给定一个训练数据,对于新输入的实例,在训练集中找到与该实例最近邻的k个实例,按照少数服从多数原则,这k个实例的多数属于哪个类,则该实例就属于哪个类。

1、K邻近算法

模型: k近邻算法的训练数据集本身就是模型

2 判断机器学习算法的性能

不能把所有的数据集进行训练,需要选取一部分为训练样本,一部分为测试样本,用测试样本测试性能

import numpy as np


def train_test_split(X, y, test_ratio=0.2, seed=None):
    """将数据 X 和 y 按照test_ratio分割成X_train, X_test, y_train, y_test"""
    assert X.shape[0] == y.shape[0], \
        "the size of X must be equal to the size of y"
    assert 0.0 <= test_ratio <= 1.0, \
        "test_ration must be valid"
    
    # 如果下次测试要还原上次随机过程,可以设置这个种子
    if seed:
        np.random.seed(seed)

    # 0~len(X)的乱序数,因为需要对(X,y)进行乱序
    shuffled_indexes = np.random.permutation(len(X))

    test_size = int(len(X) * test_ratio)
    test_indexes = shuffled_indexes[:test_size]
    train_indexes = shuffled_indexes[test_size:]
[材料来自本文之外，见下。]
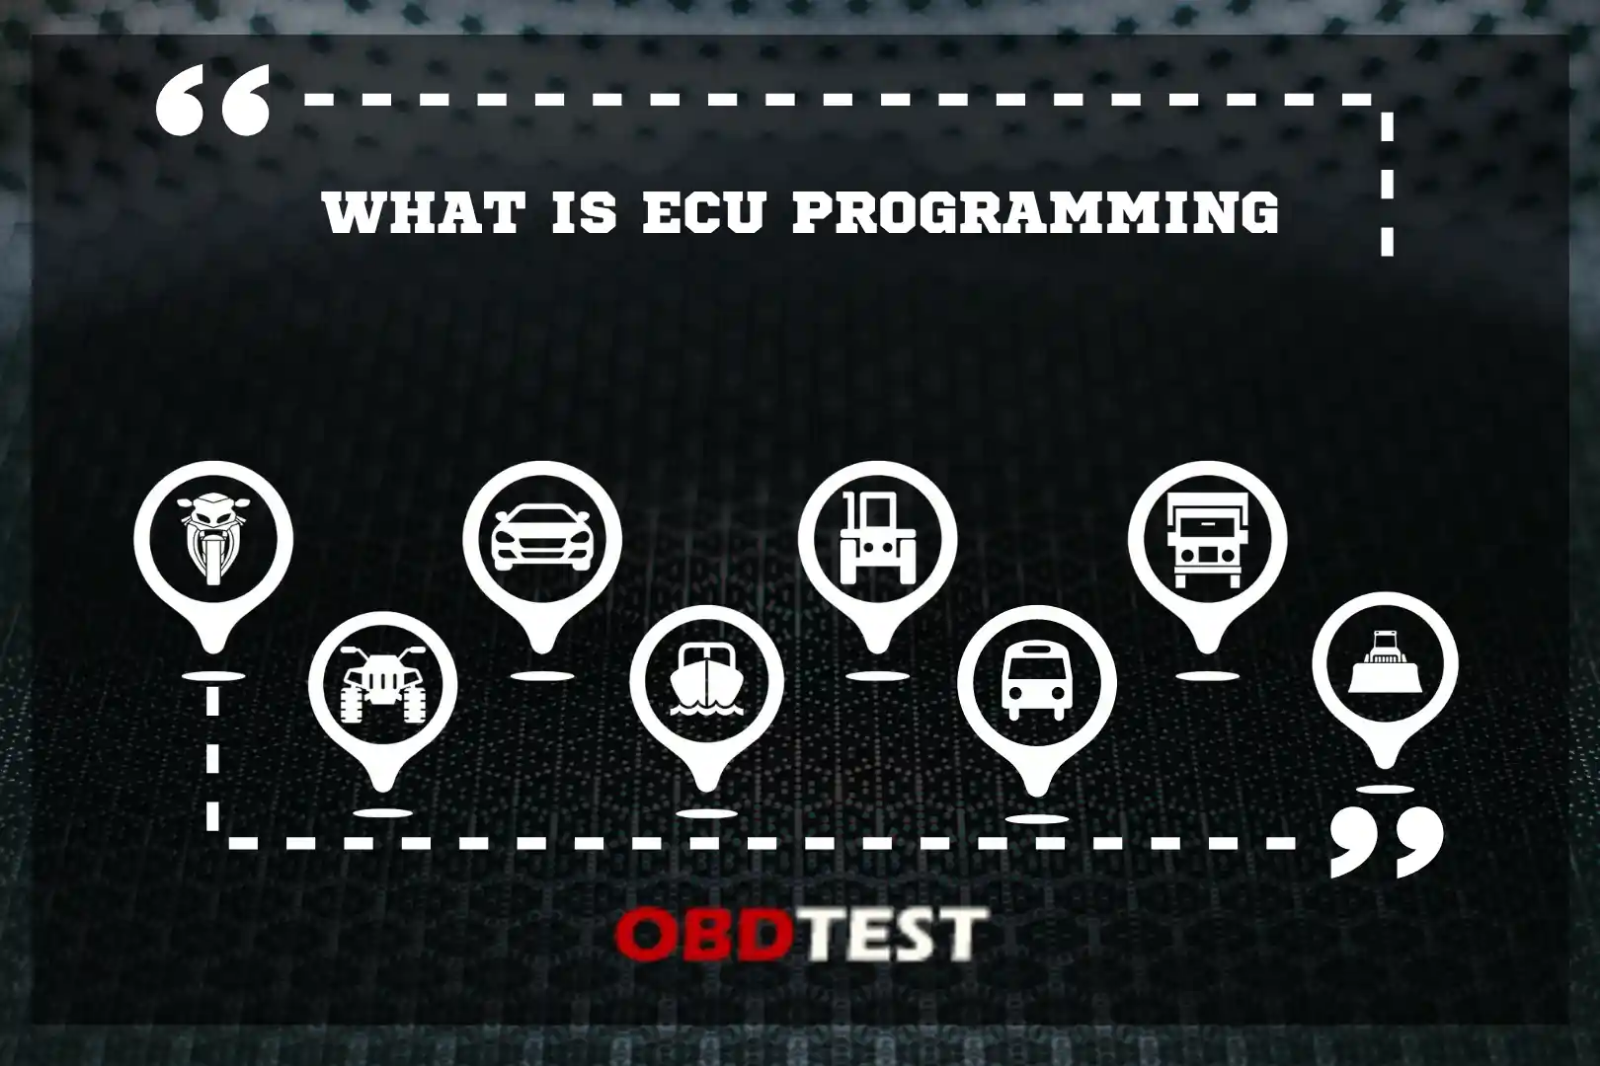 What is ECU programming?

    X_train = X[train_indexes]
    y_train = y[train_indexes]

    X_test = X[test_indexes]
    y_test = y[test_indexes]

    return X_train, X_test, y_train, y_test

复制代码

3 分类准确性:

预测正确的数量 / 预测的数量

def accuracy_score(y_true, y_predict):
        '''计算y_true和y_predict之间的准确率'''
        assert y_true.shape[0] == y_predict.shape[0], \
            "the size of y_true must be equal to the size of y_predict"
        
        return sum(y_true == y_predict) / len(y_true)
复制代码

4 KNN分类器代码

import numpy as np
from math import sqrt
from collections import Counter
from .metrics import accuracy_score

class KNNClassifier:

    def __init__(self, k):
        """初始化kNN分类器"""
        assert k >= 1, "k must be valid"
        self.k = k
        self._X_train = None
        self._y_train = None

    def fit(self, X_train, y_train):
        """根据训练数据集X_train和y_train训练kNN分类器"""
        assert X_train.shape[0] == y_train.shape[0], \
            "一个样本必须对应一个分类"
        assert self.k <= X_train.shape[0], \
            "k必须要小于样本数."

        self._X_train = X_train
        self._y_train = y_train
        return self

    def predict(self, X_predict):
        """给定待预测数据集X_predict,返回表示X_predict的结果向量"""
        assert self._X_train is not None and self._y_train is not None
        assert X_predict.shape[1] == self._X_train.shape[1], \
                "预测实例要与样本实例的特征个数相同"

        y_predict = [self._predict(x) for x in X_predict]
        return np.array(y_predict)

    def _predict(self, x):
        """给定单个待预测数据x,返回x的预测结果值"""
        assert x.shape[0] == self._X_train.shape[1], \
            "x为一个预测实例特征行向量,要与样本的特征量相同"
       
       # 与每一个样本的距离集合
        distances = [sqrt(np.sum((x_train - x) ** 2)) for x_train in self._X_train]
        #distance从小到大 排序 的索引index
        nearest = np.argsort(distances)

        topK_y = [self._y_train[i] for i in nearest[:self.k]]
        votes = Counter(topK_y)
        # 假如topK_y=[1, 1, 1, 1, 1, 0], 则votes = Counter({0: 1, 1: 5}),
        #votes.most_common(1) = [(1, 5)],列表里是个元祖votes.most_common(1)[0] = (1,5)
        return votes.most_common(1)[0][0]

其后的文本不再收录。